We didn’t want to write boilerplate code repeatedly, so we used frameworks and dependencies to (hopefully) help focus on “what was really important.”

We needed tools to handle demand, test and build applications, orchestrate infrastructure, run continuous processes, etc and etc and etc…

Because of all this abstraction, we lost direct insights into our technical stacks and what was happening inside applications. We added more and more tools to help us understand what we had lost sight of. This includes observability, but there are also concentrated efforts within the CNCF and other foundations to help bring clarity to the security risks introduced through nests of dependencies, such as software bills of materials.

Currently, for a handful of different reasons, the financial impact of this growth of cloud services is now starting to hit budgets, with a growth of tools to help estimate, monitor, and streamline costs.

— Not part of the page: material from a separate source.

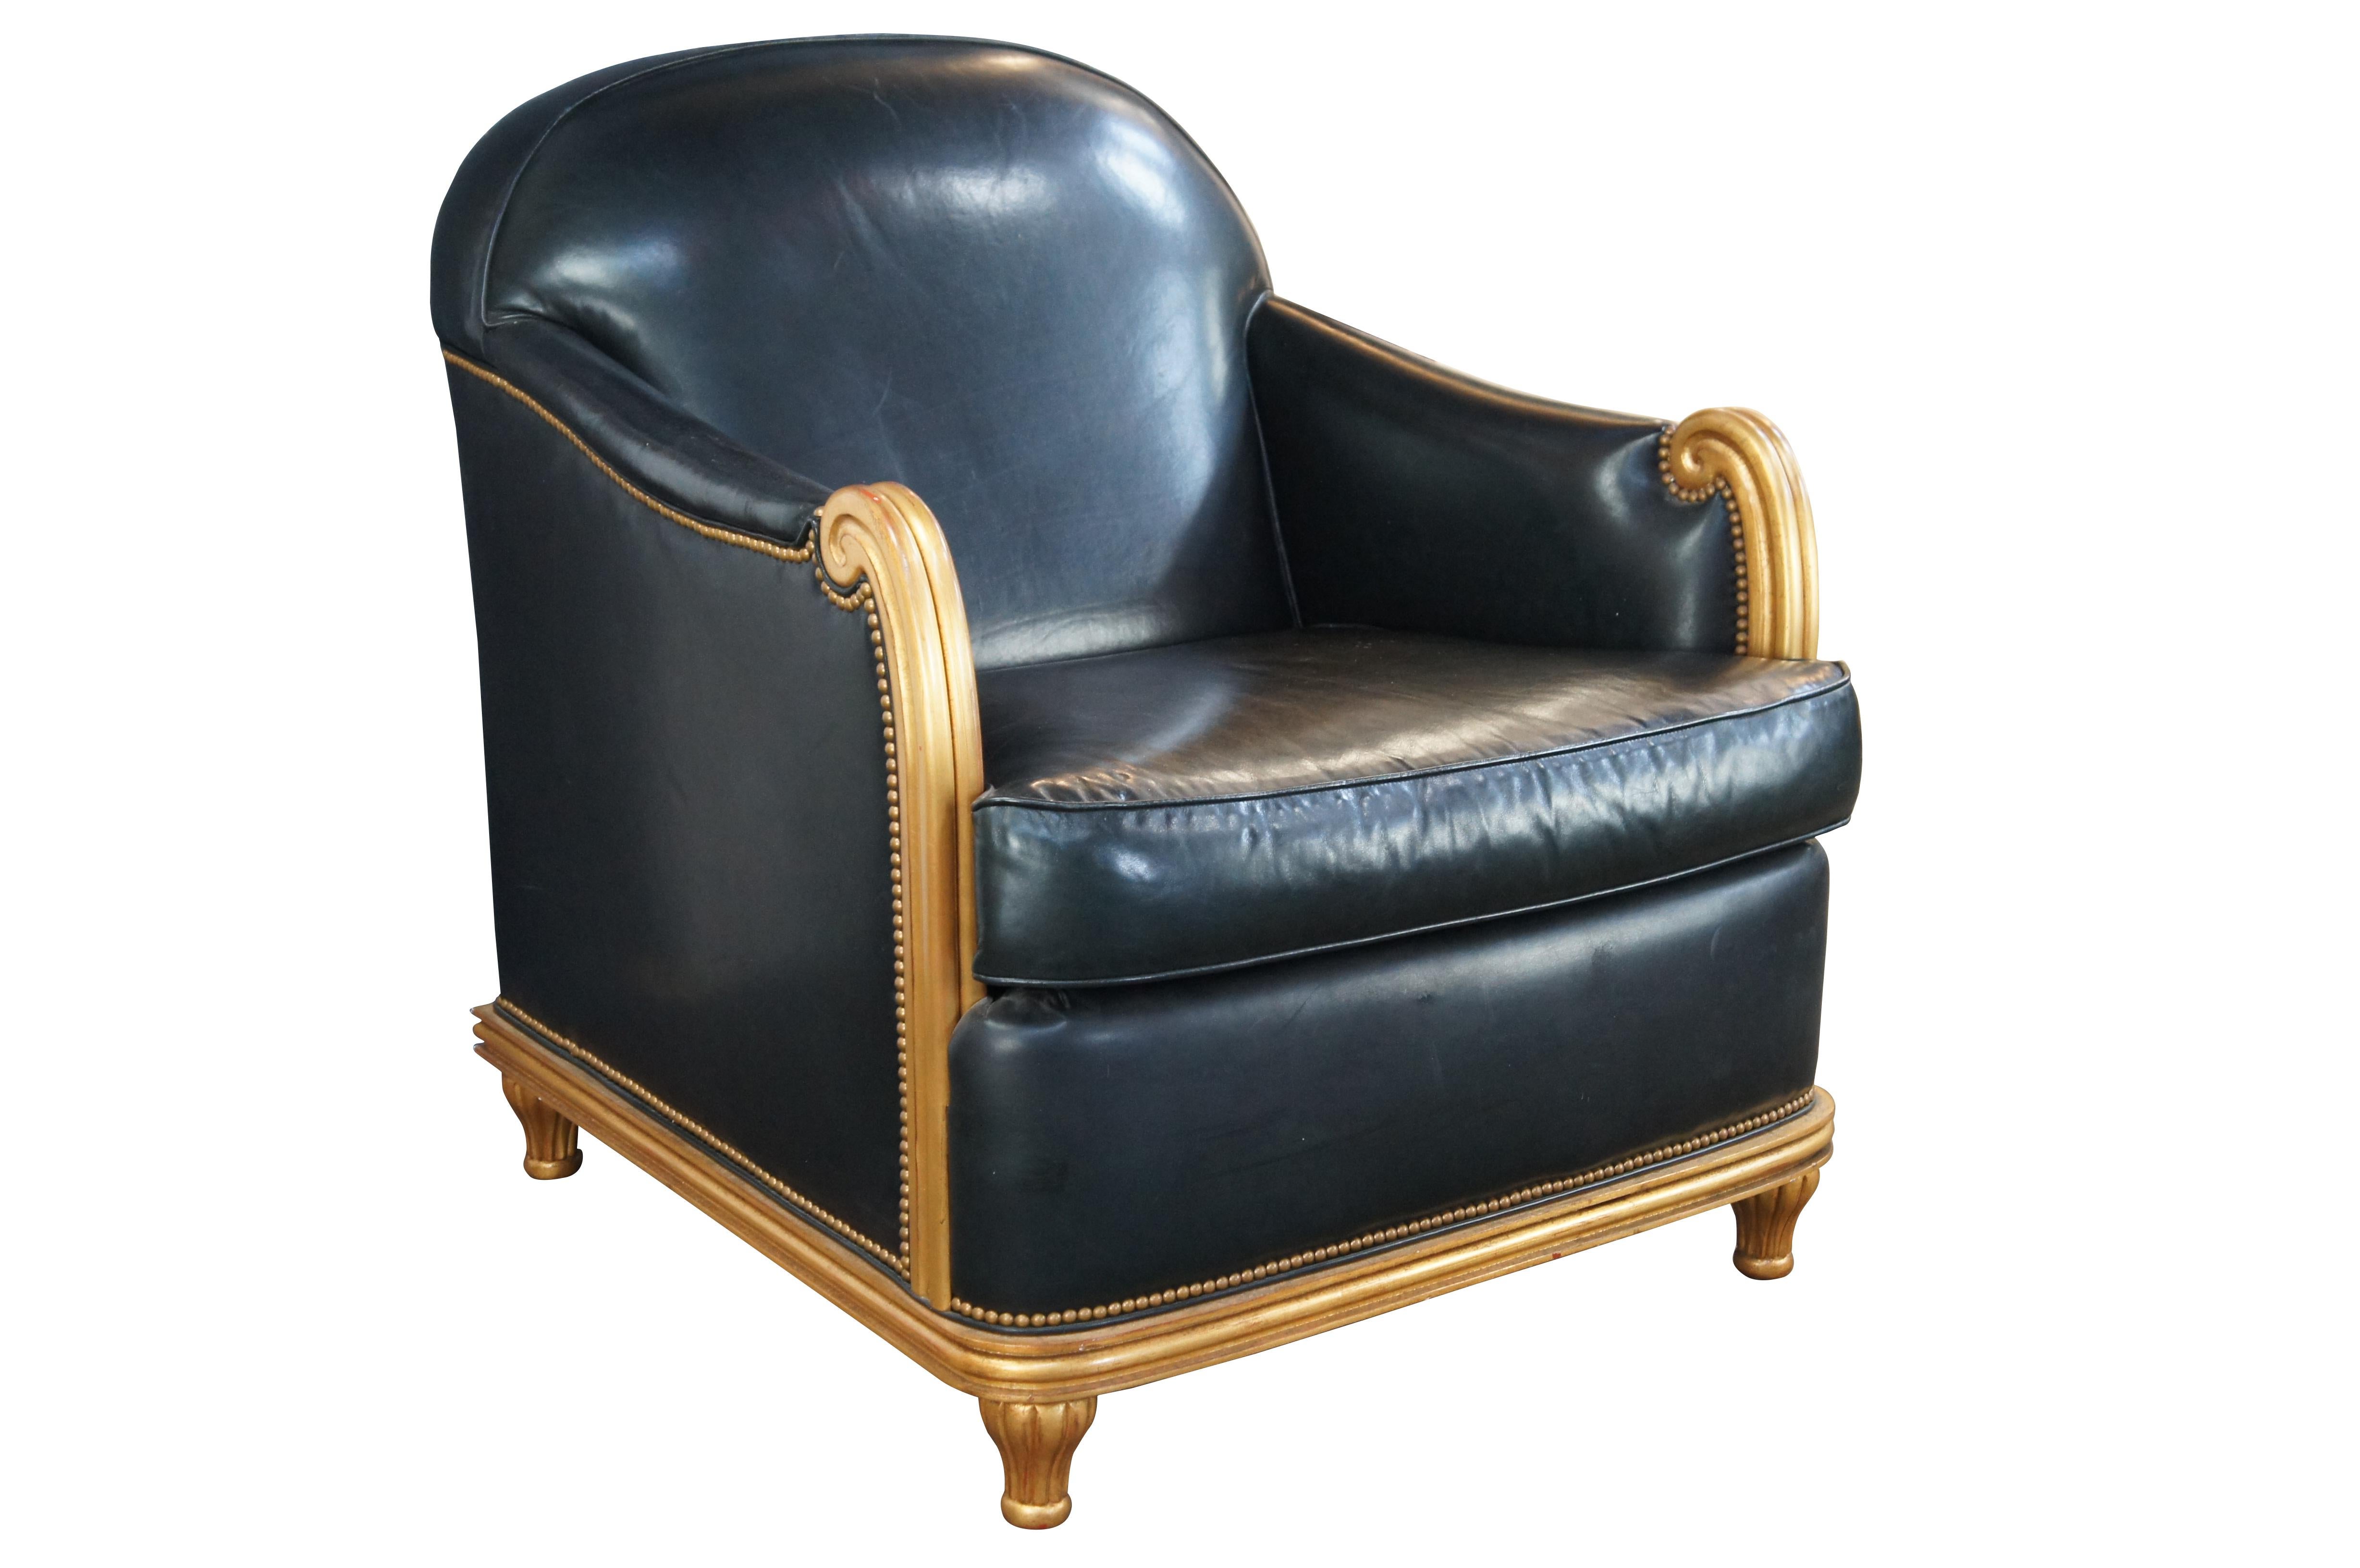 Fin du 20e siècle / début du 21e siècle Fauteuil club par Grafton Furniture. Le cadre est d'inspiration Art déco français, avec un dossier incurvé et des accoudoirs à volutes. La chaise est finie en or avec un revêtement en cuir noir et une

There’s even an entire sub-foundation of the Linux Foundation, the FinOps foundation, that aims to help increase skills and awareness of techniques and practices around efficient cloud usage.

The hidden impact

But there’s another unintended side effect and cost of this proliferation of cloud services, frameworks, and “throw an other service at it” development. The impact on the environment. It’s easy to forget that behind all the code pushes, tools, builds, applications, and processes is real hardware on physical locations running those payloads.

How big is the problem? Getting accurate numbers is challenging, and a lot of conjecture and extrapolation is involved but the internet generally counts for about 3.7% of global carbon emissions.

Sources:

This number is about the same as the airline industry, which people pay far more attention to, but it’s increasing rapidly. Still, “the internet” is a bit vague, especially considering the wider usage of the technology we create. If you consider all the infrastructure and applications we work on that billions use daily indirectly, the global impact of “tech” is probably much higher. Even considering “the internet” alone, the current user base is about 50% of the global population, and this number is set to grow massively over the coming years.

Investigating further with the Cloud Carbon Footprint project

In preparation for the talk version of this article, I spoke with Adrian Cockroft, who had a talk at Monitorama along similar themes. He mentioned the Cloud Carbon Footprint project as a useful tool for measuring the estimated carbon footprint of applications and the infrastructure they run on.

The project requires some configuration and provides insights into AWS, GCP, and Azure hosted resources by analyzing billing data and performing emission calculations on them. That calculation is the following:

Total CO2e = operational emissions + embodied Emissions

Operational emissions = (Cloud provider service usage) x (Cloud energy conversion factors kWh) x (Cloud provider Power Usage Effectiveness (PUE)) x (grid emissions factors metric tons CO2e)
Embodied Emissions = estimated metric tons CO2e emissions from the manufacturing of datacenter servers, for compute usage

The project is open source, so you can add other providers or input from elsewhere. It’s maintained primarily by Thoughtworks, and of course (a recurring theme here), as a complex application, it has its own overhead and impact. But you have to start somewhere, and for now, it’s a good starting point.

To begin, run with the mock data, which you can do by first cloning the repository and installing dependencies.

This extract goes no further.